Breathing Tools for Kids Posters
WHAT DOES THE RESEARCH SAY?
A 2025 study by Crișan et al., published in BMC Public Health, investigated a 14-week structured breathing program for physical therapy university students. After practicing deep breathing for just 30 minutes a week, students showed:
- A significant increase in happiness
- Improved emotional regulation
- Better sleep quality
- A reduction in worrying
Students who did not practice deep breathing did not experience these benefits, emphasizing how important consistent practice can be. The study focused on teaching three main types of deep breathing exercises.
TYPES OF DEEP BREATHING EXERCISES
The study introduced students to three effective breathing techniques:
- Diaphragmatic Breathing:
Students learned to breathe deeply into their bellies instead of their chests. They placed one hand on the chest and one on the abdomen, practicing breaths that expanded the abdomen while keeping the chest still. This type of breathing helps promote relaxation and emotional regulation. - Pursed-Lips Breathing:
Students inhaled slowly through their noses, then exhaled even more slowly through lips held in a small “pursed” shape (like blowing through a straw). This method helps control breathing pace and improves calmness, especially when feeling anxious or stressed. - Alternate Nostril Breathing:
Using the thumb and ring finger, students alternated closing one nostril at a time while breathing in and out. This technique can balance the nervous system and is often used to create a sense of centeredness and emotional balance.

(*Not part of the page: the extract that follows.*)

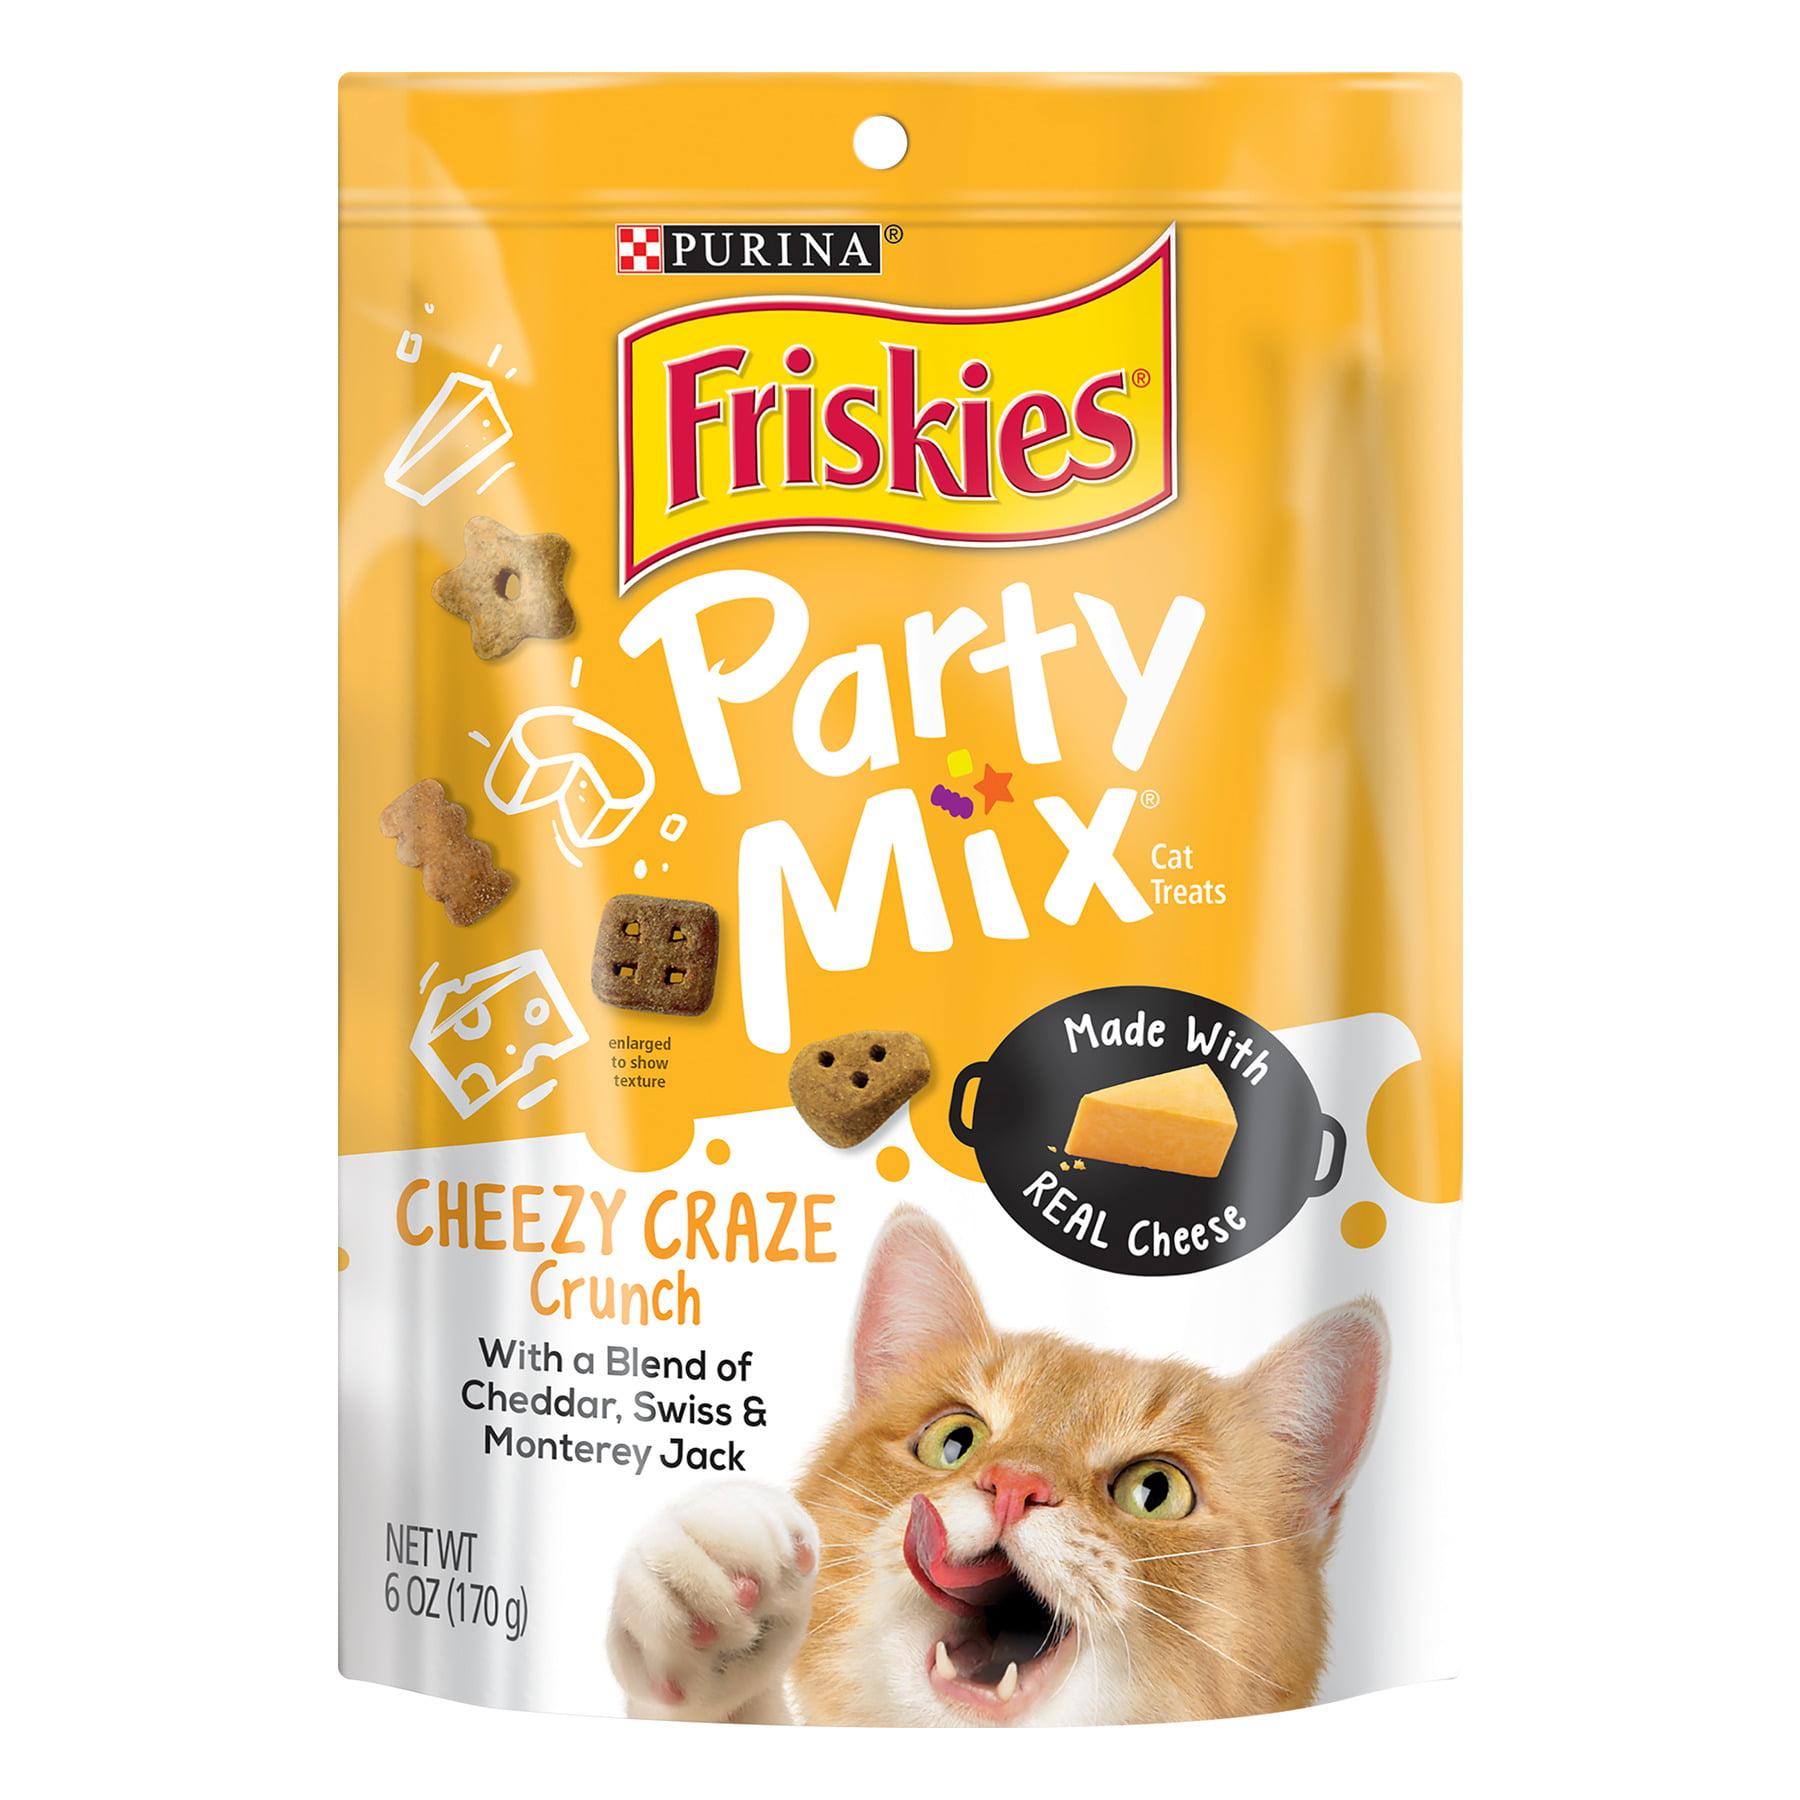 (2 Pack) Purina Friskies Party Mix Crunch Cheezy Craze Cat Treats, 6 oz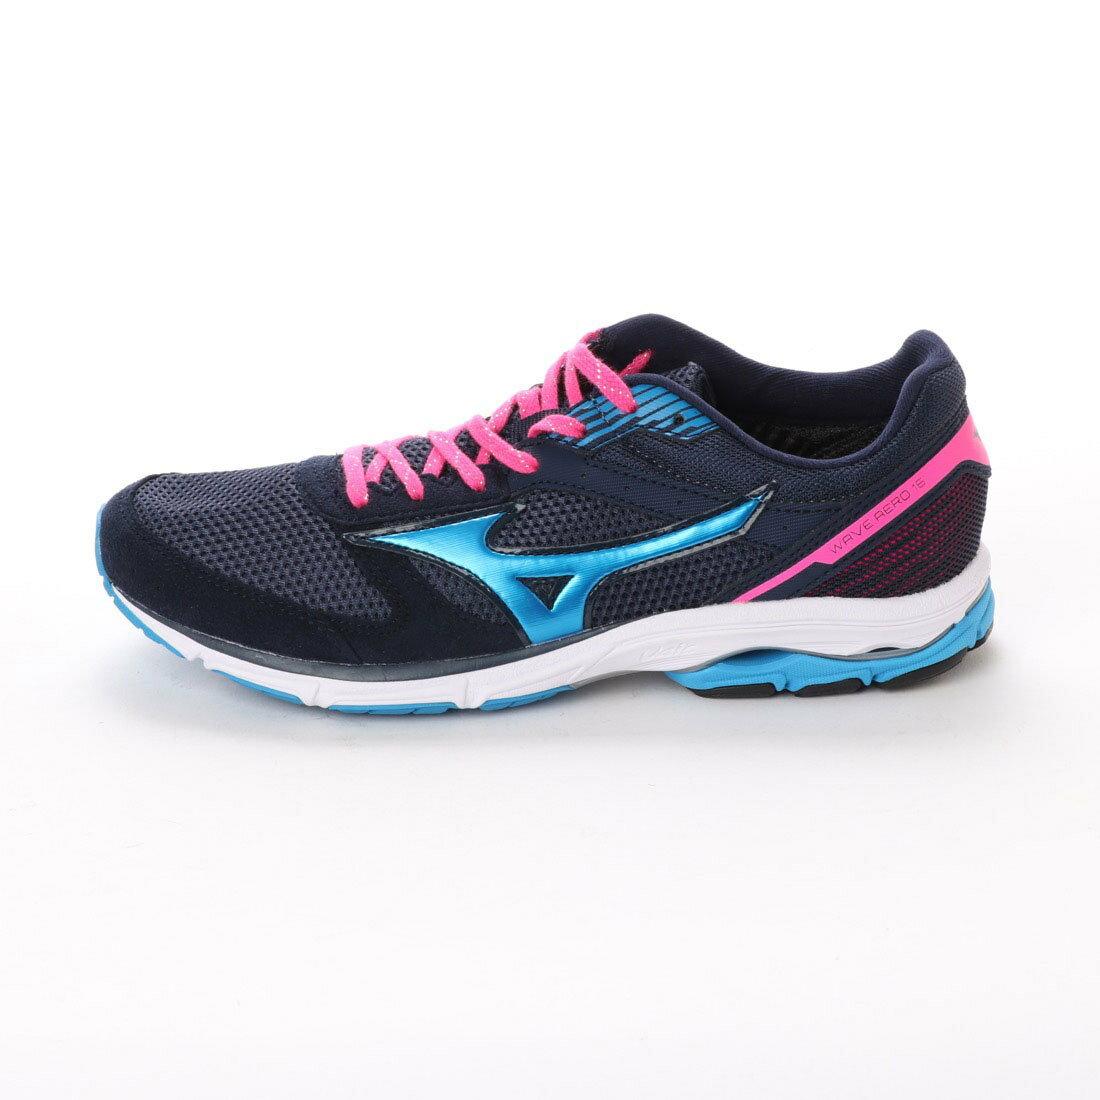 MIZUNO WAVE AERO 16 女鞋 慢跑 馬拉松 休閒 籃 粉紅【運動世界】J1GB173525

Each session included instruction, demonstration, and personalized feedback to help students learn and apply these exercises to everyday life.
HOW TO START THE PRACTICE OF DEEP BREATHING
Starting a breathing routine doesn’t have to be complicated. Here’s how to build the habit:
- Start small: Aim for 1–2 minutes a day. A few slow breaths can make a big difference.
- Pick regular times: Before school, after lunch, or right before bedtime are good opportunities.
- Use a visual or physical prompt: A star to trace, a hand on the belly, or a visual reminder can help build consistency.
- Make it fun: Incorporate movement, imagery, or songs to keep kids engaged.
- Model it yourself: Practice breathing with your students or children. They learn by watching!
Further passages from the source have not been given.